--- Your objective ---
Where the listing shows an image, skip it and output all other material unchanged.

--- Supplied information ---
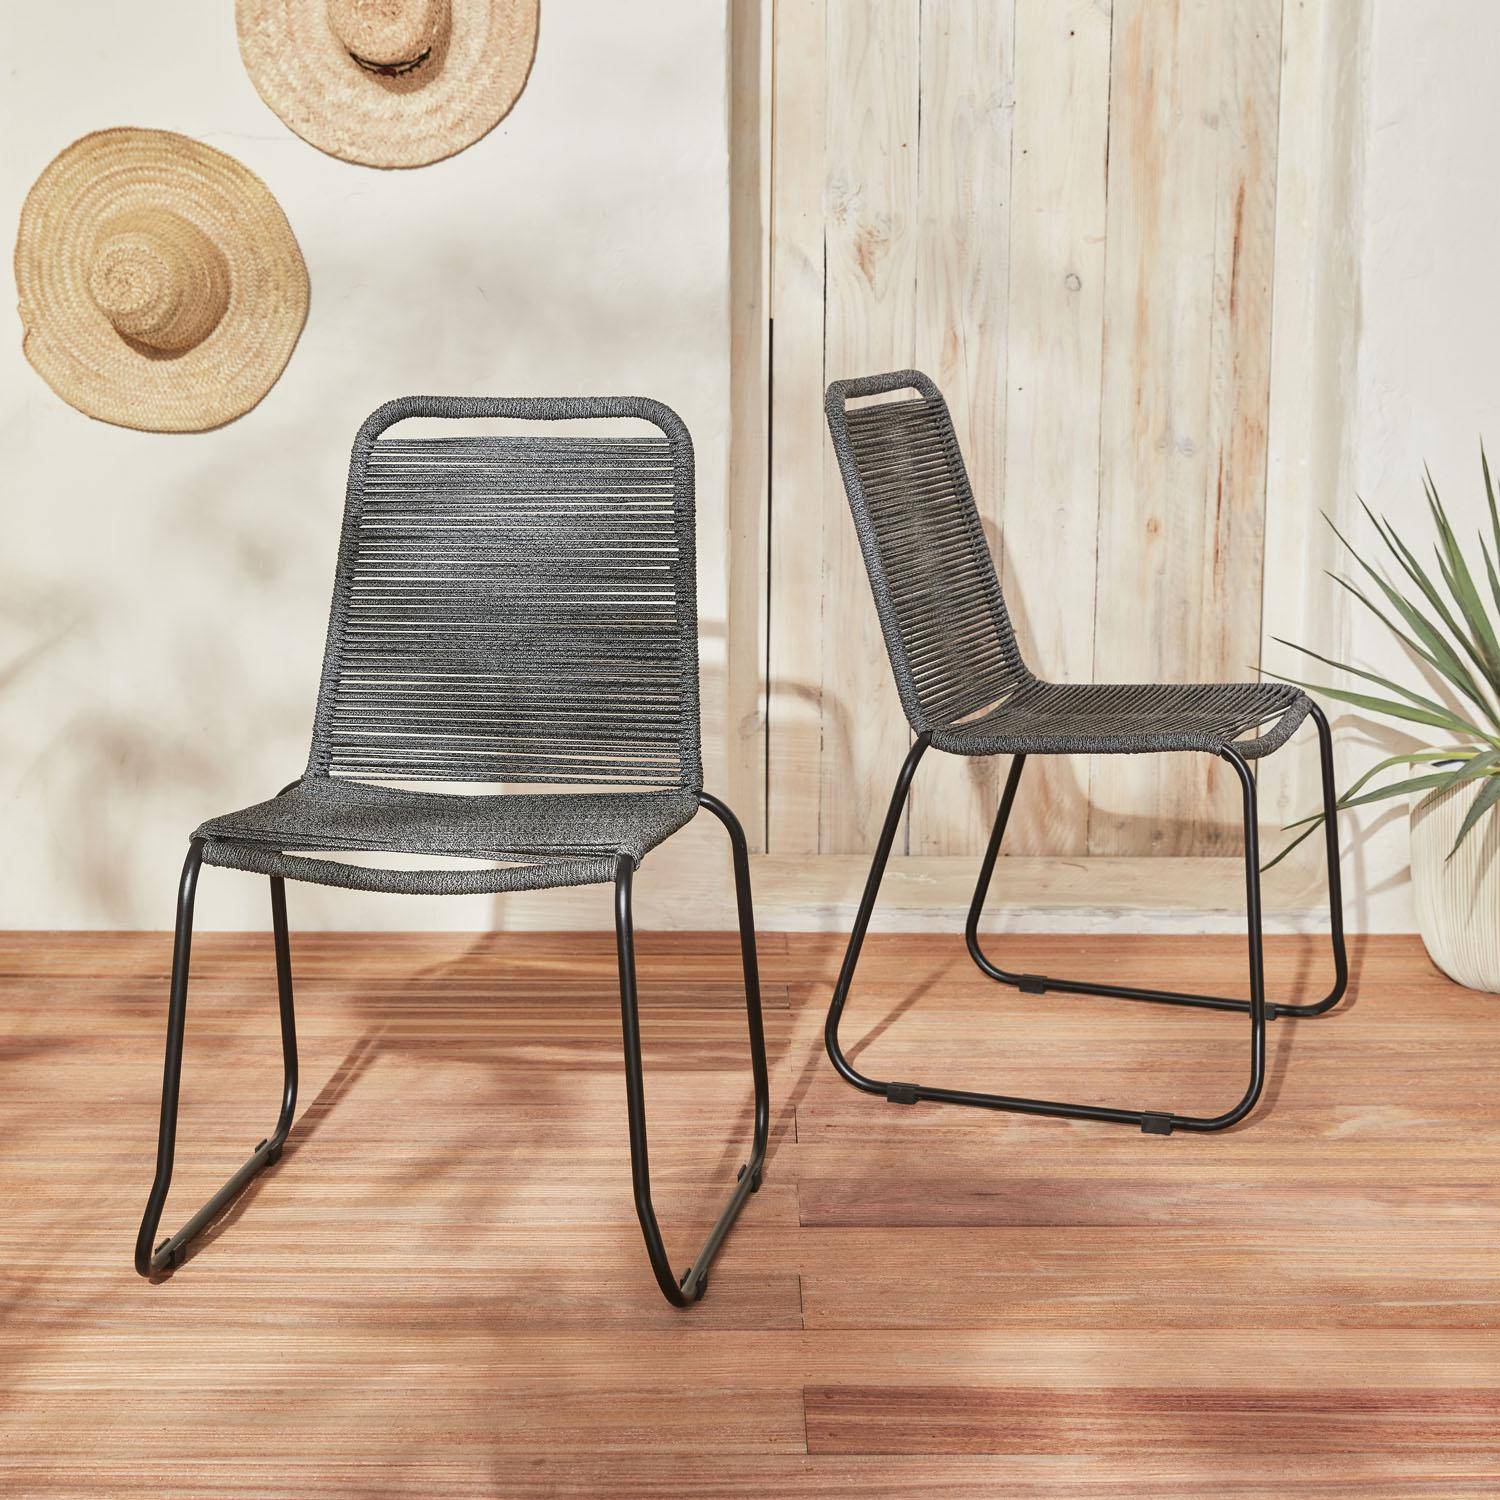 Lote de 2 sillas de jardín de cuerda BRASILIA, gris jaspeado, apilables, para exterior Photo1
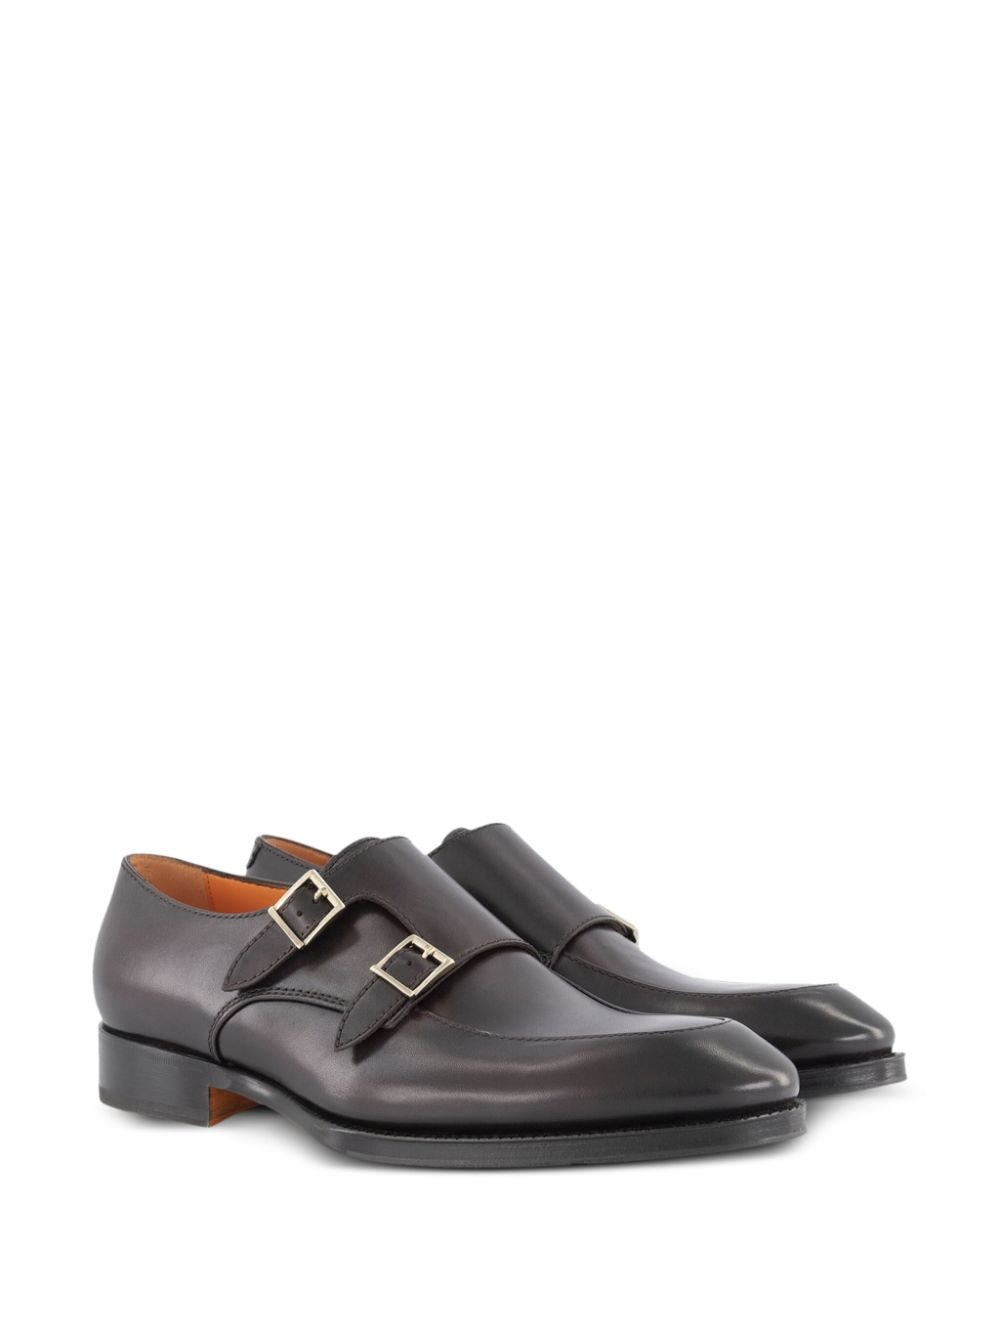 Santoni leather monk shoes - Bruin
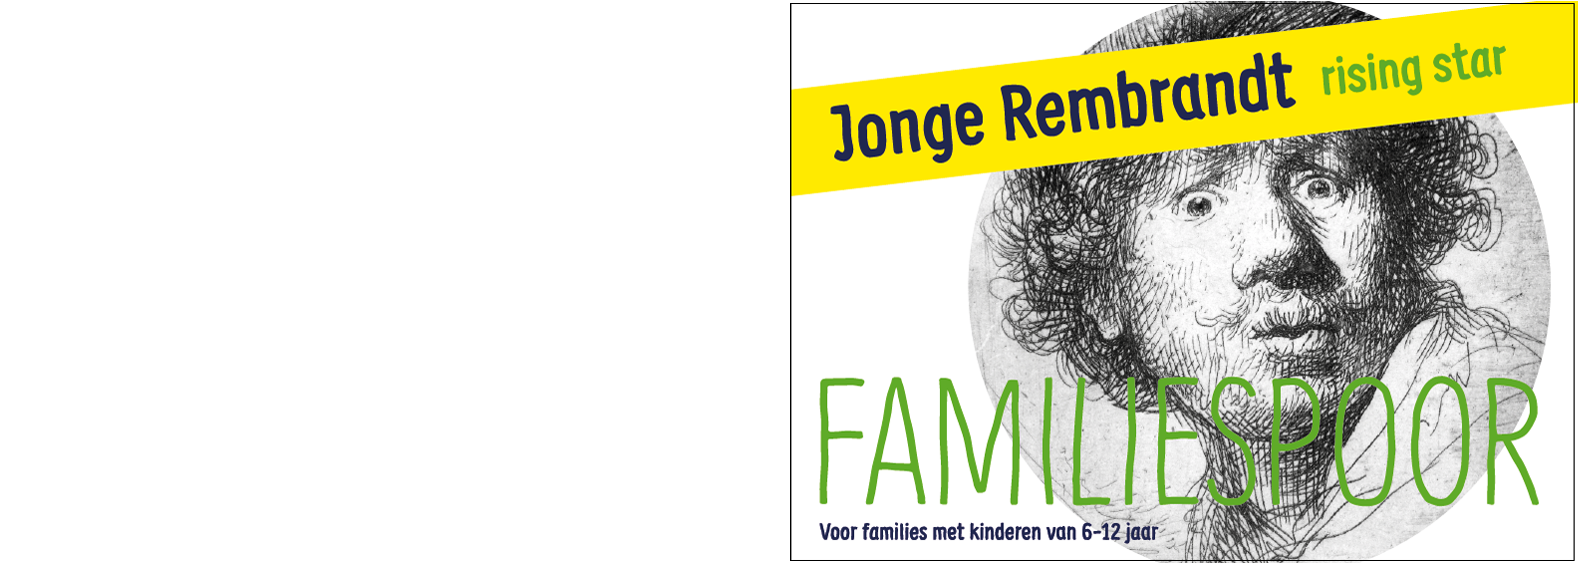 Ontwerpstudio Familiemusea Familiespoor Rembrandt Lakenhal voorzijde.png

--- Response ---
 Lote de 2 sillas de jardín de cuerda BRASILIA, gris jaspeado, apilables, para exterior Photo1
 Santoni leather monk shoes - Bruin
 Ontwerpstudio Familiemusea Familiespoor Rembrandt Lakenhal voorzijde.png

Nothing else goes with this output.